With thanks to the Australian Institute of Project Management

Artificial intelligence (AI) is a broad field that incorporates smart machines, machine learning and reasoning, ro/chat/web bots, artificial neural networks and new programming parameters.

But the new machines and software that we see now are only the first in what will eventually become a new industrial revolution which will fundamentally redefine global economic systems, create new labour markets and challenge our understanding of ‘personhood’.

If current research is correct, more than one third of graduate level jobs will be replaced by some form of AI in the next decade. In fact, by the end of 2020, the AI industry is predicted to reach US$36 billion globally, and this figure is forecast to grow exponentially to US$127 billion by 2025, making AI the largest driver of tech spending in the next five years.

With this new industrial revolution poised to have such a profound impact, it would seem naïve to believe that the field of project management will survive this revolution unscathed. This takes a futurist perspective of the profession and looks at how it may change over the next five to 10 years.

The rise of the machines

Perhaps the most astounding thing about the impact of AI is the speed of its adoption. The drivers behind this rapid change are the confluence of data collection and analysis, massive leaps forward in computing power and better algorithms. Together these drivers are already making inroads into the profession of project management.

Within the project management space, AI has already begun to take over some of the routine administration tasks. Activities such as creation and maintenance of registers and logs, automated meetings preparation including booking rooms, emailing invitations and drafting agendas.

In addition, AI is taking over paper-based communications such as minuting meetings, following up on action items via automated emails and preparing monthly reports.

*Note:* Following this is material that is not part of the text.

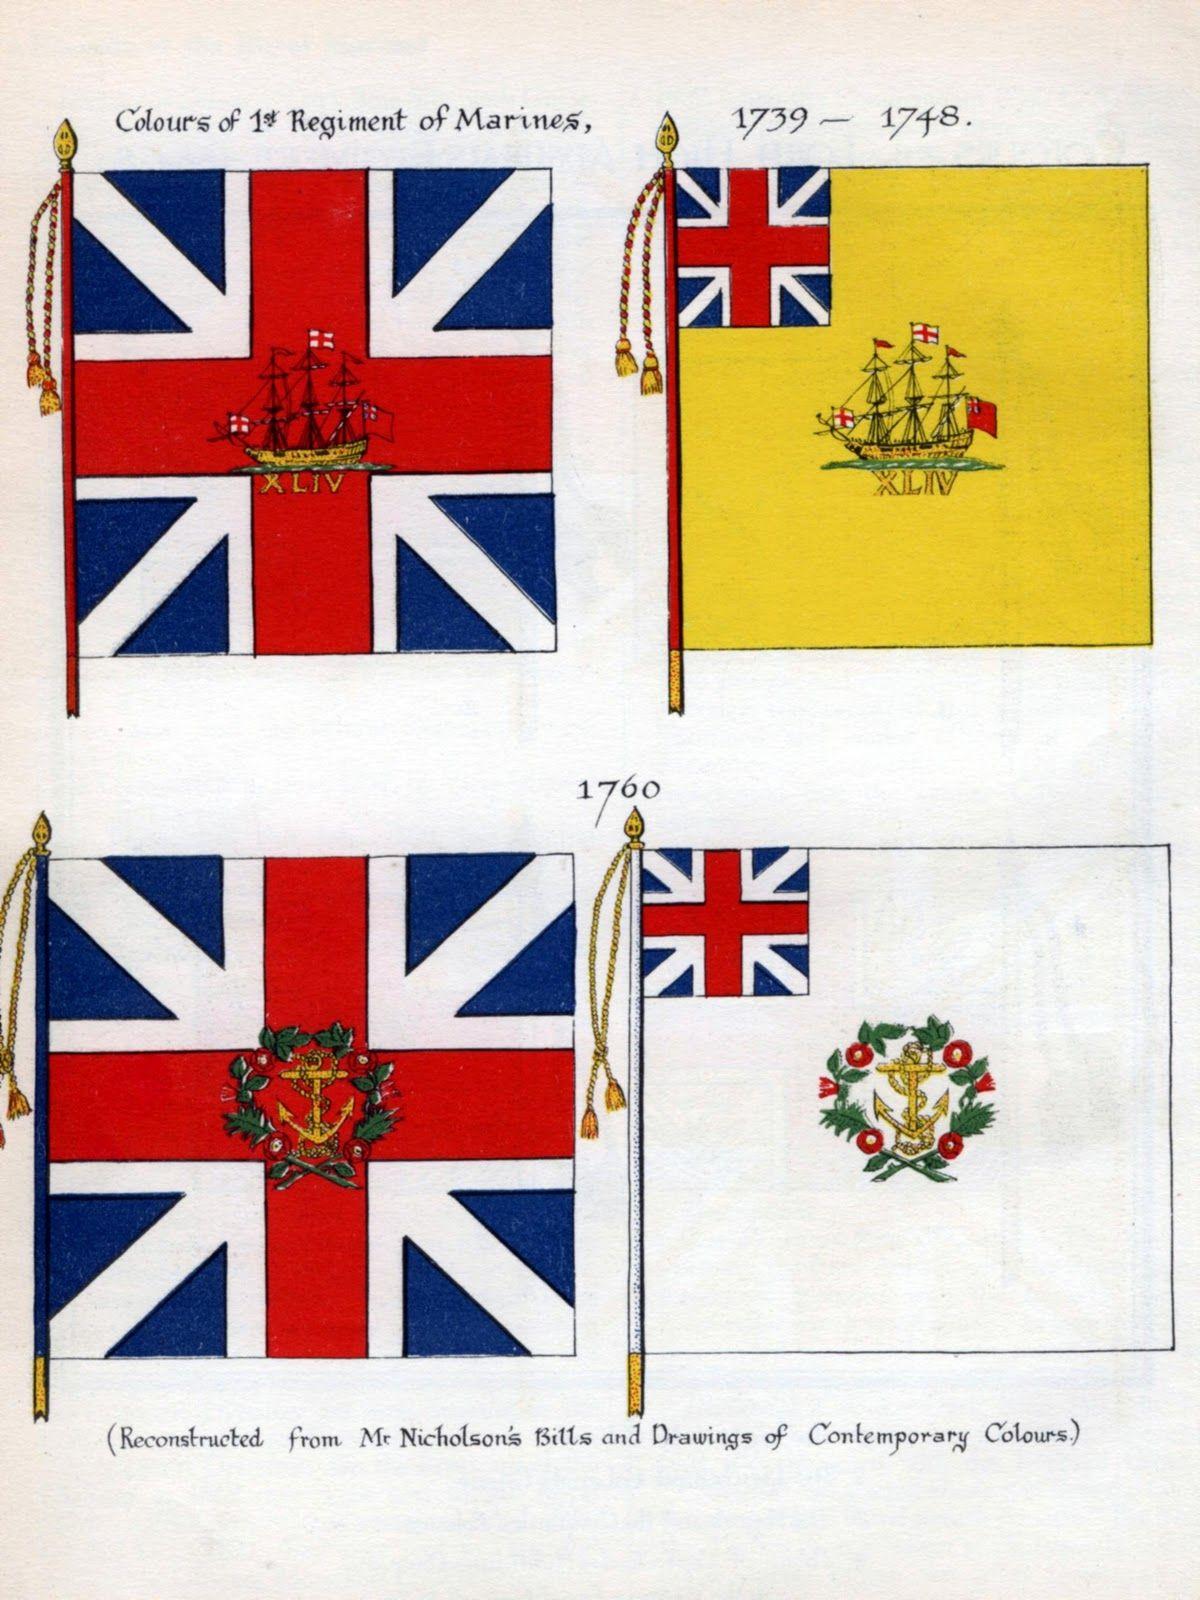 Royal Marines Flag Napoleonic Wars Marine Flag Royal Marines Military Flag

But this is only the start. By 2025, we can expect to see machine learning-based platforms that can:

  • –schedule projects
  • –assign resources
  • –create basic cost plans
  • –assist with contract interpretation and administration
  • –undertake earned value assessments
  • –forecast completion costs
  • –assist with identifying trends for opportunity capitalisation; and
  • –provide risk mitigation.

By 2030, expect to see things like automated site inspections using LiDAR-enabled drones linked to detailed BIM and intelligent contracts and standards. Programs will be able to identify in-situ quality errors and predict clash detection on building sites. There also will be systems which provide real-time assessment of project progress, allowing them to calculate progress claims, raise claims for extensions of time or lodge variations without human intervention.

In fact, I expect that within a decade – and I’m being conservative – we will see most, if not all, of the 47 processes outlined in PMBoK that relate to ‘traditional project management’, the planning, monitoring and control of time, cost and scope, handled by AI, machine learning programs and bots.

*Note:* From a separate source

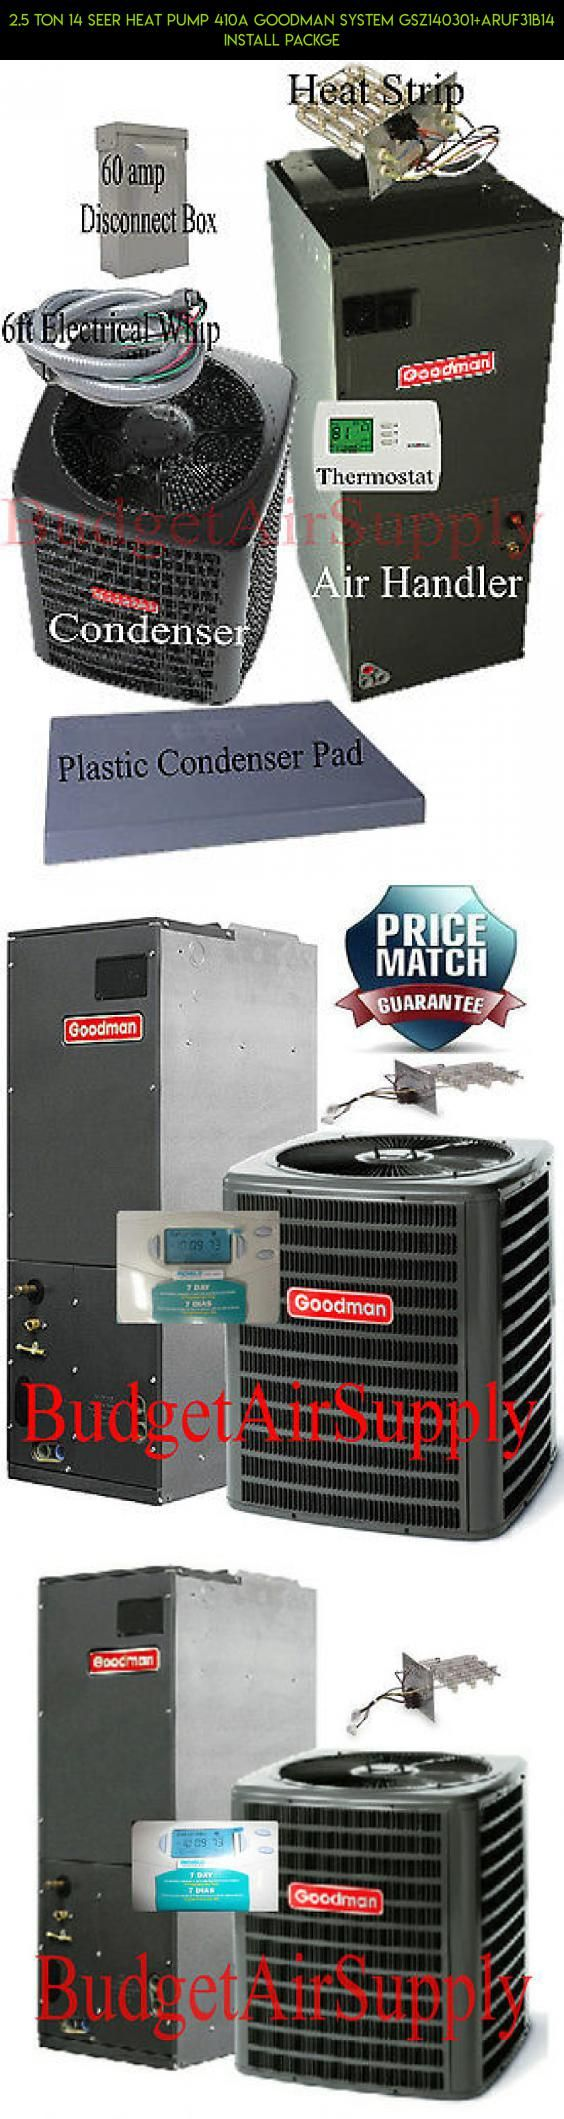 How To Install A Heat Pump The 25 Best Heat Pump Installation Ideas On Pinterest Heat Pump

Based on this prediction it would be easy, and perhaps a little justified, to think of AI as Project Management Terminators, machines from the future intent on destroying the profession as we know it. But nothing could be further from the truth. You see, although AI might be far better at routine, repetitious or mundane project administration tasks than any human project manager could ever be, we need to ask ourselves ‘What is AI not good at?’ because, in that question lies the future of project management.

Project management in the future

The rise of AI has the potential to do something amazing for the future of project management, and it all has to do with the three things that AI may never be good at:

  1. creativity;
  2. social skills; and
  3. perceptiveness.

For almost six decades, project managers have ‘defined’ their profession by the Iron Triangle of time, cost and scope. This has been our mantra for so long that we have almost forgotten the reason projects exist. Projects exist to serve human needs. This means that it is people, not tasks or processes, that are at the heart of projects.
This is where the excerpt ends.